**Supplied material:**
━━━━━━━━━━

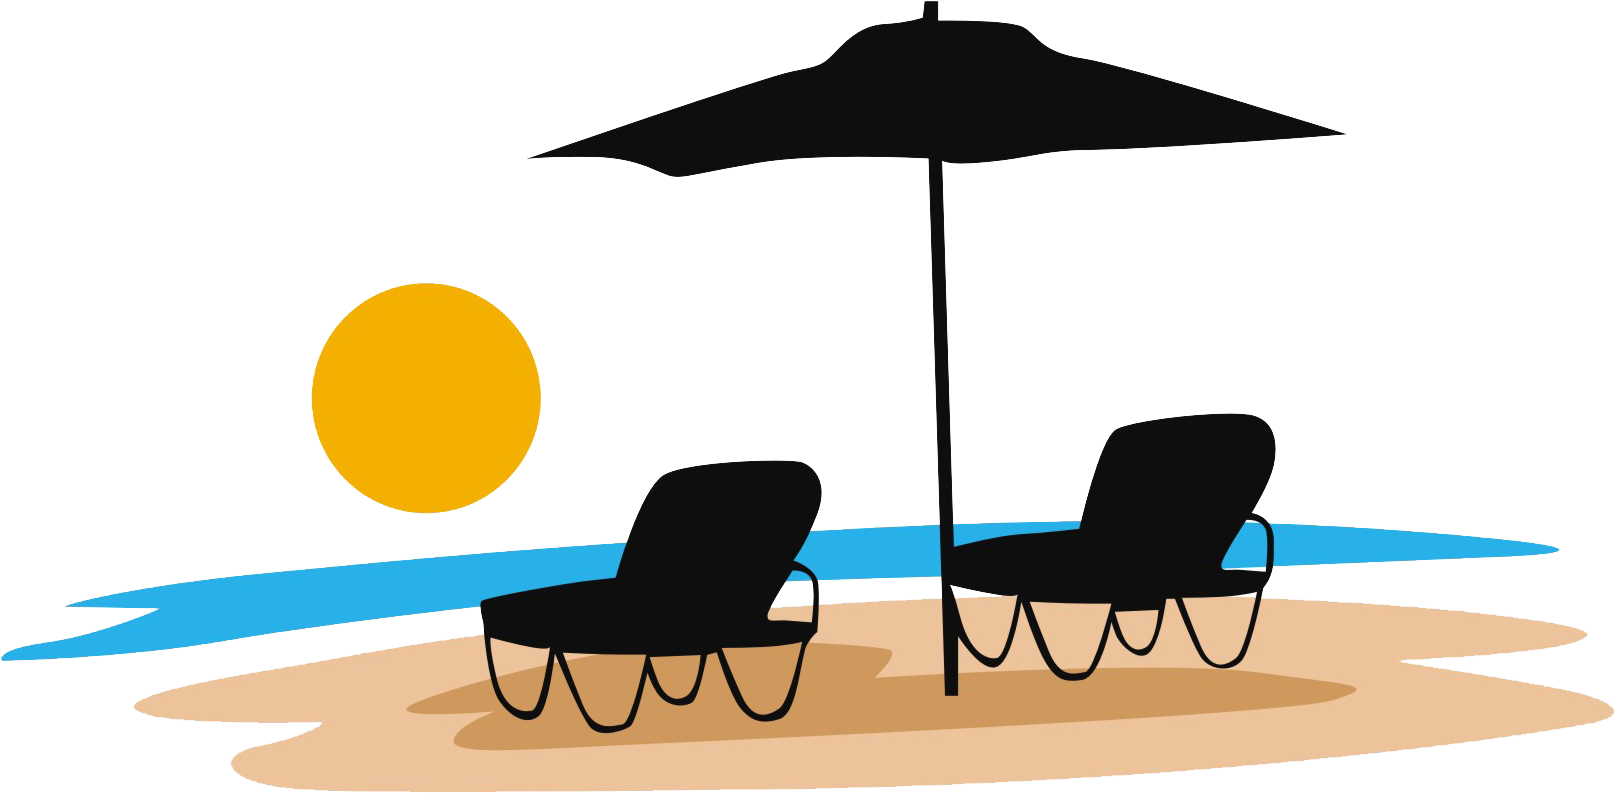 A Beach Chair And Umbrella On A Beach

━━━━━━━━━━

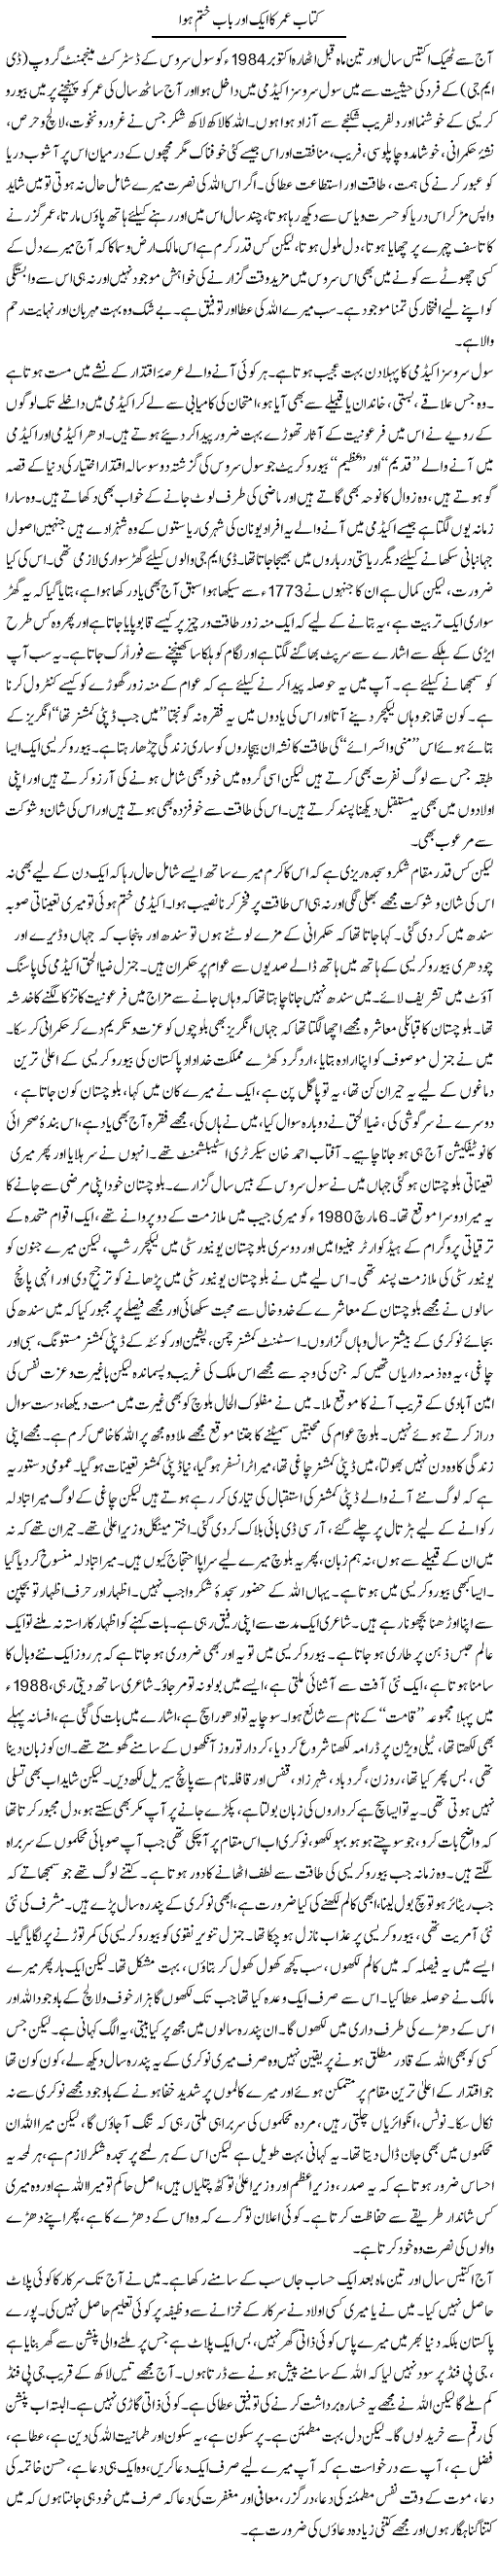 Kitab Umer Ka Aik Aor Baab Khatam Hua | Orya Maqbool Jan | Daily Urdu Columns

━━━━━━━━━━

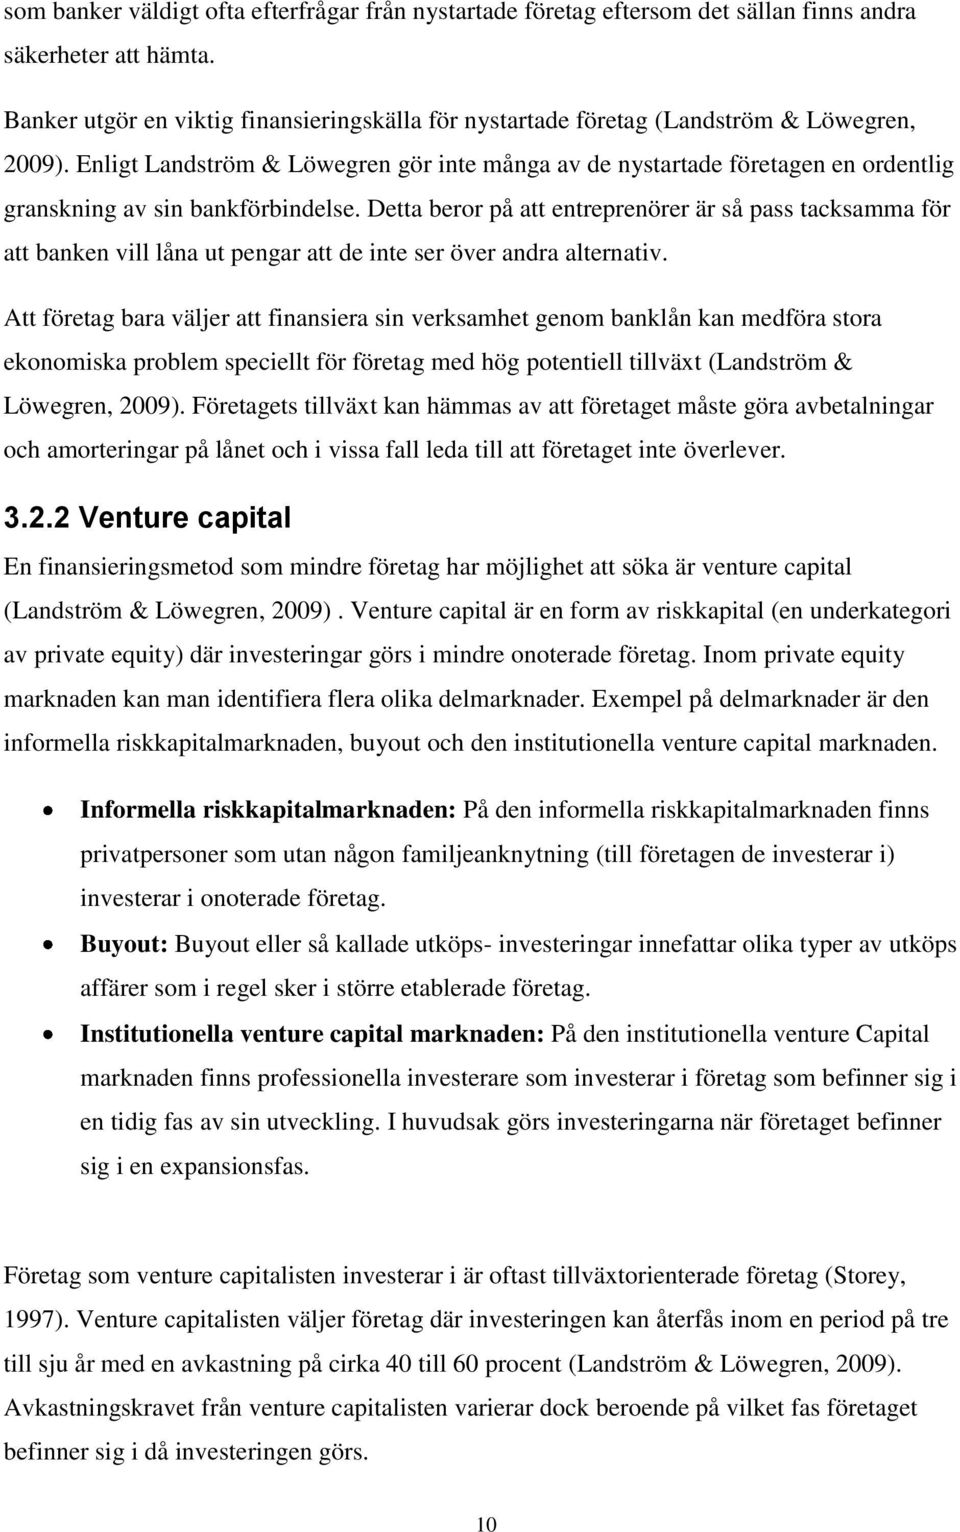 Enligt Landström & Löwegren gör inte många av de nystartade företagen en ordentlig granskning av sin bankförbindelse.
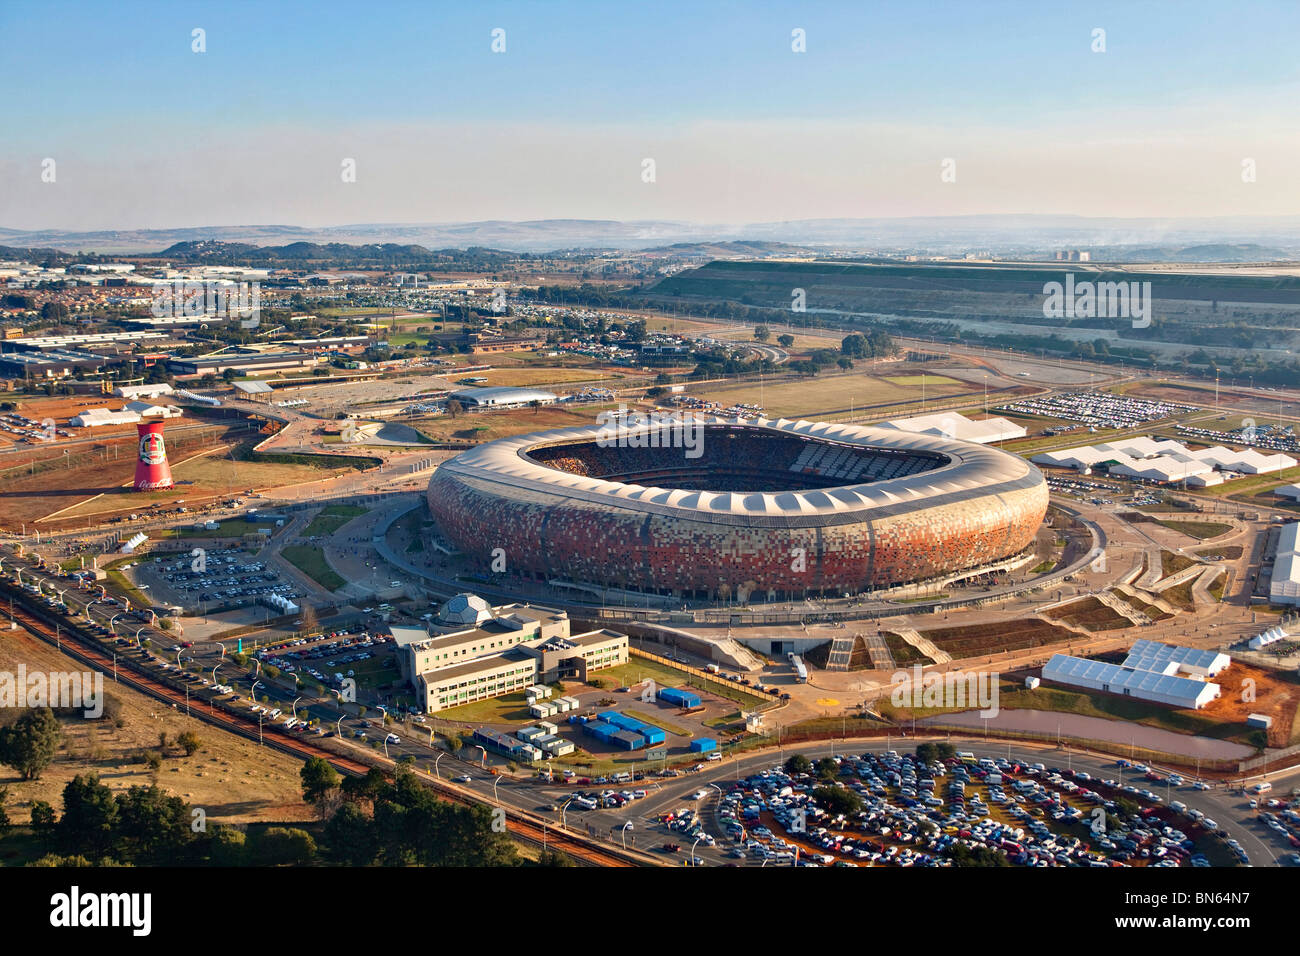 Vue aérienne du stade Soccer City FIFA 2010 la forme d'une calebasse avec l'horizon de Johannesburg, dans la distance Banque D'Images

━━━━━━━━━━

**Your assignment:** The data above holds the lines to copy: start at the one with "Enligt Landström &", stop at the one with "Vue aérienne du", include both, copy them exactly without pictures, and copy nothing else.

**Response to the task:**
 Enligt Landström & Löwegren gör inte många av de nystartade företagen en ordentlig granskning av sin bankförbindelse.
 Vue aérienne du stade Soccer City FIFA 2010 la forme d'une calebasse avec l'horizon de Johannesburg, dans la distance Banque D'Images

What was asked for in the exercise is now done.